Data excerpt
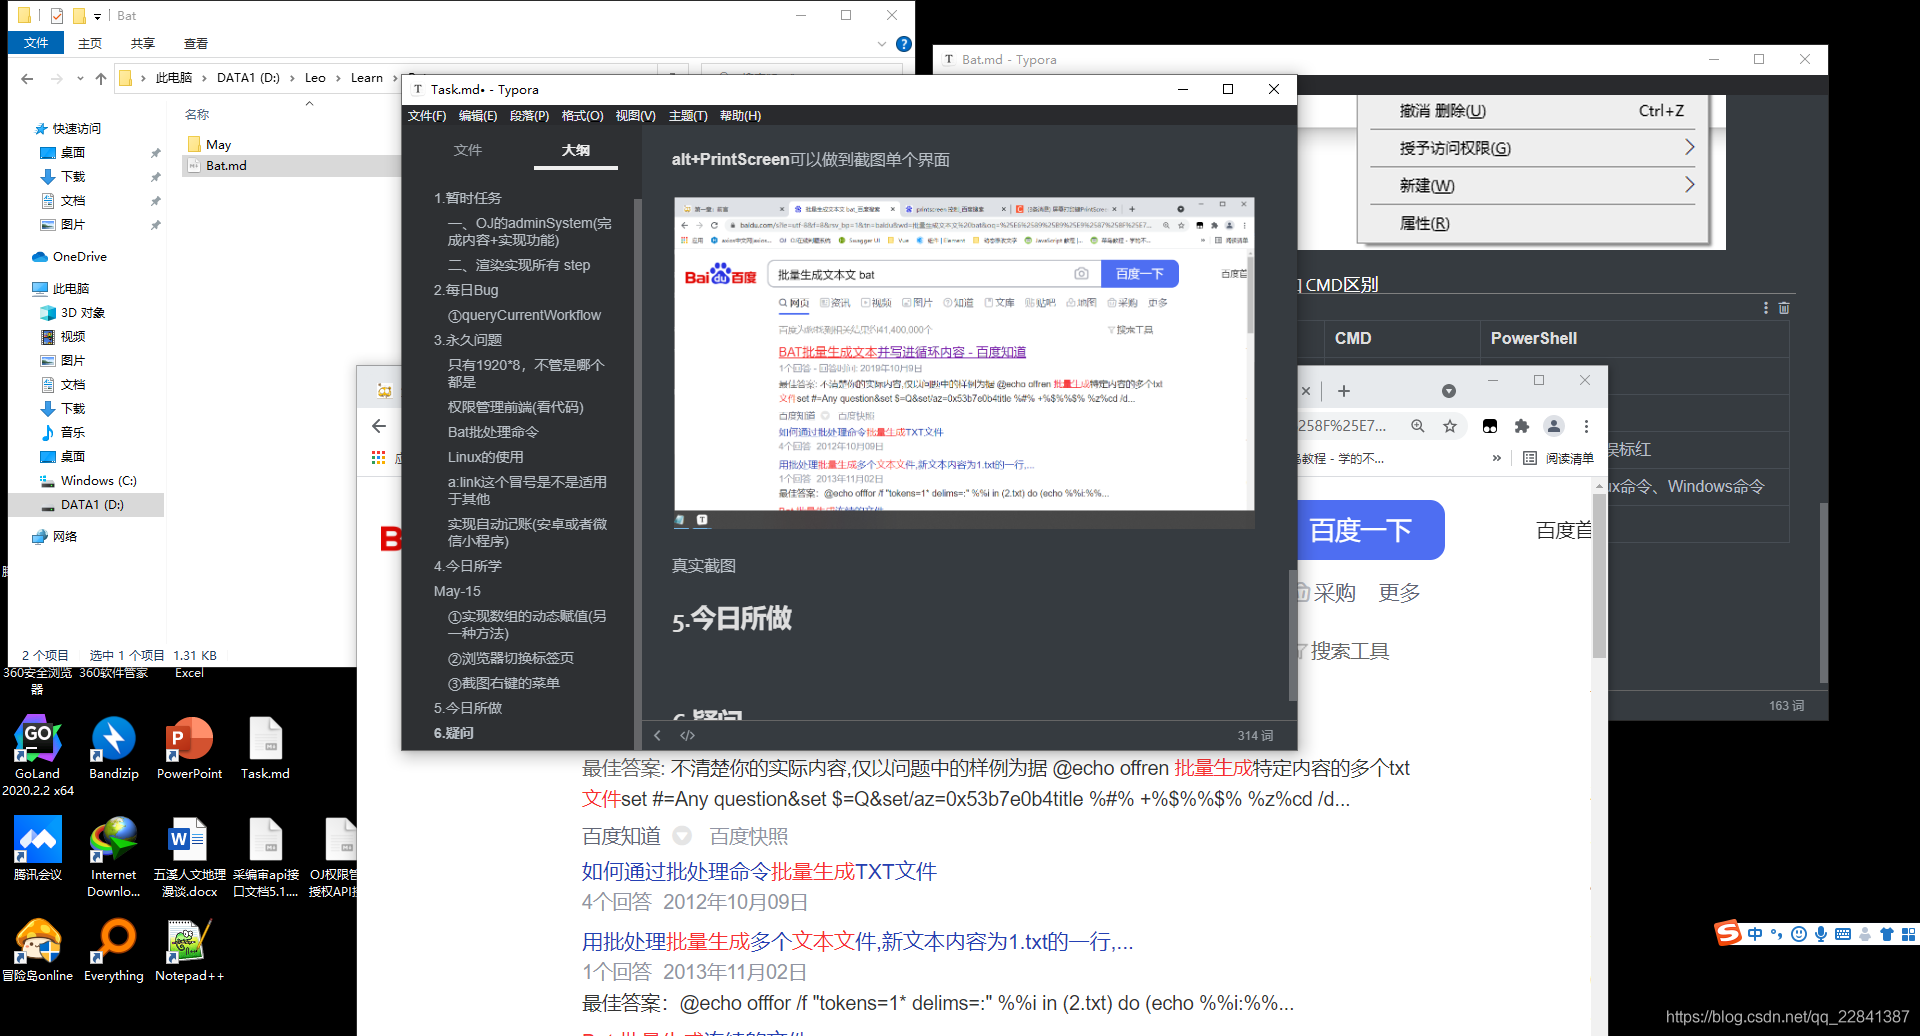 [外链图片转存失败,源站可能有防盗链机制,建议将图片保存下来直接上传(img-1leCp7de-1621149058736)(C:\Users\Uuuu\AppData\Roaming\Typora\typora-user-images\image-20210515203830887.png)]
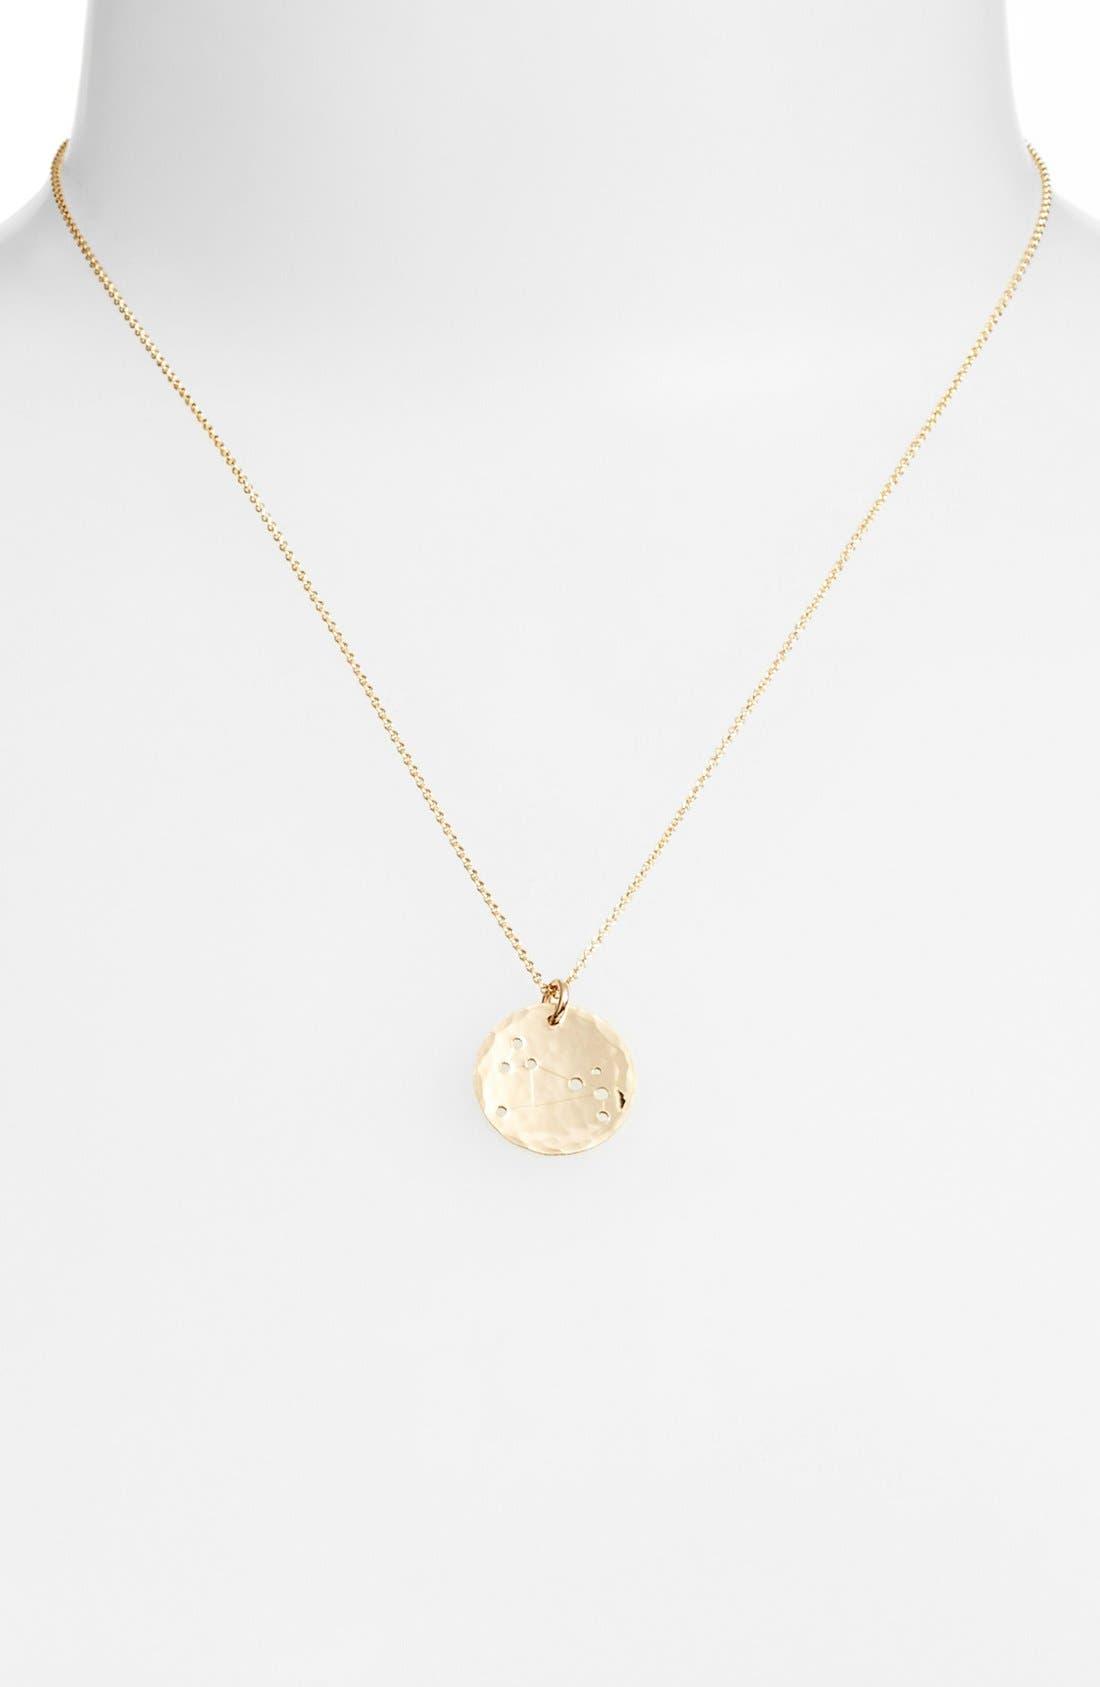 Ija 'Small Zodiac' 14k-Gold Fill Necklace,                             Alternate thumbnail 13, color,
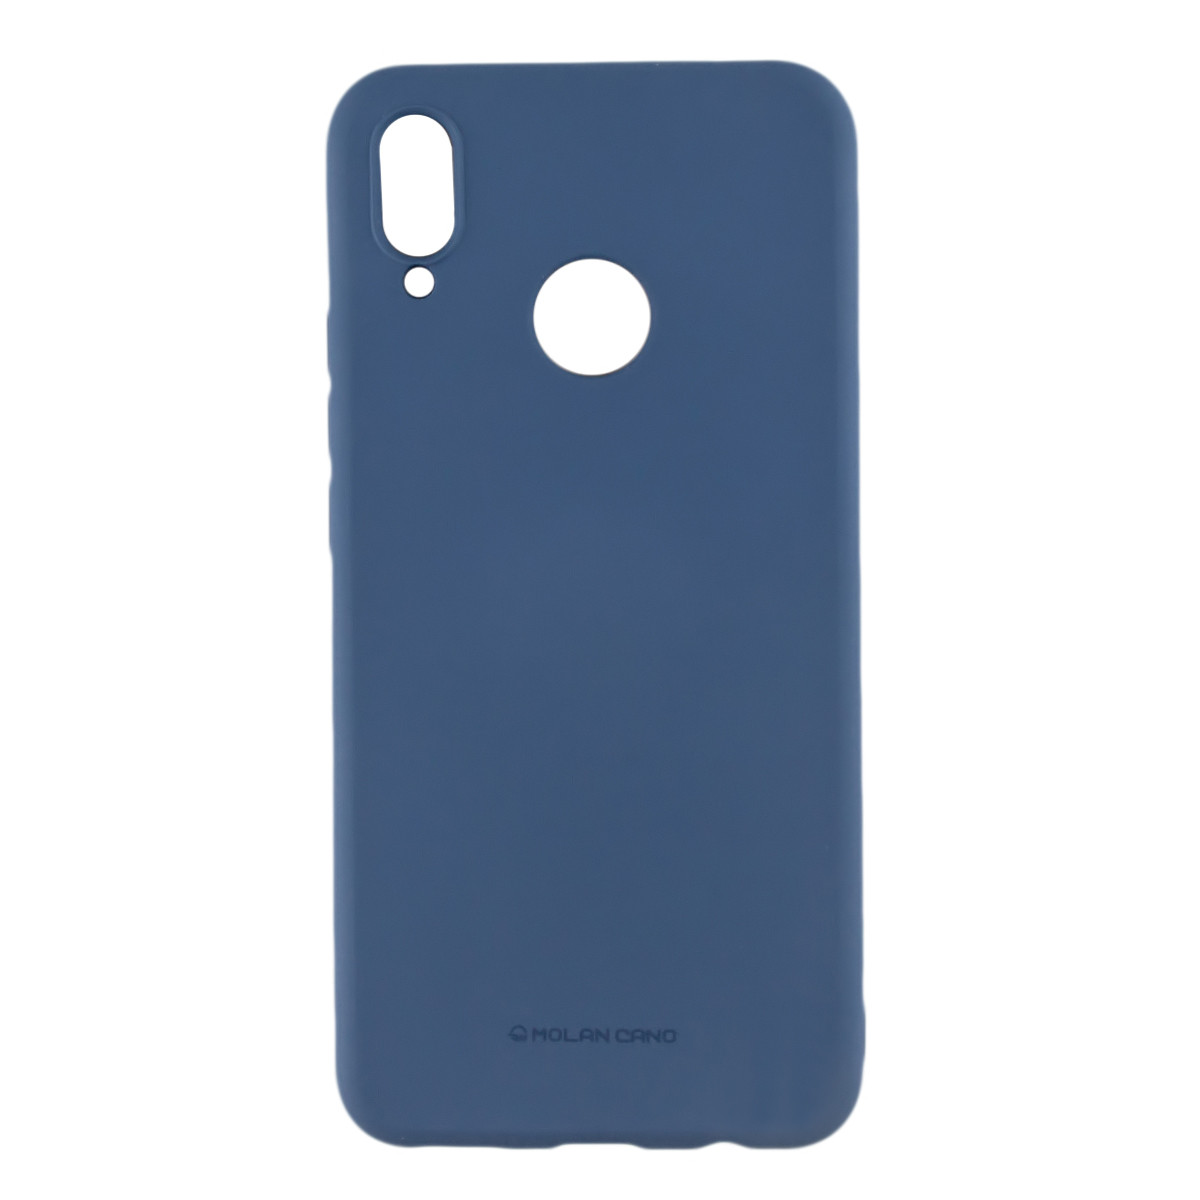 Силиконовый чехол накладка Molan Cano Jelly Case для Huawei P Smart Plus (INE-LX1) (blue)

Task objective
If a line holds a picture, skip the picture and transcribe the rest of the material exactly.

Answer space
 [外链图片转存失败,源站可能有防盗链机制,建议将图片保存下来直接上传(img-1leCp7de-1621149058736)(C:\Users\Uuuu\AppData\Roaming\Typora\typora-user-images\image-20210515203830887.png)]
 Ija 'Small Zodiac' 14k-Gold Fill Necklace,                             Alternate thumbnail 13, color,
 Силиконовый чехол накладка Molan Cano Jelly Case для Huawei P Smart Plus (INE-LX1) (blue)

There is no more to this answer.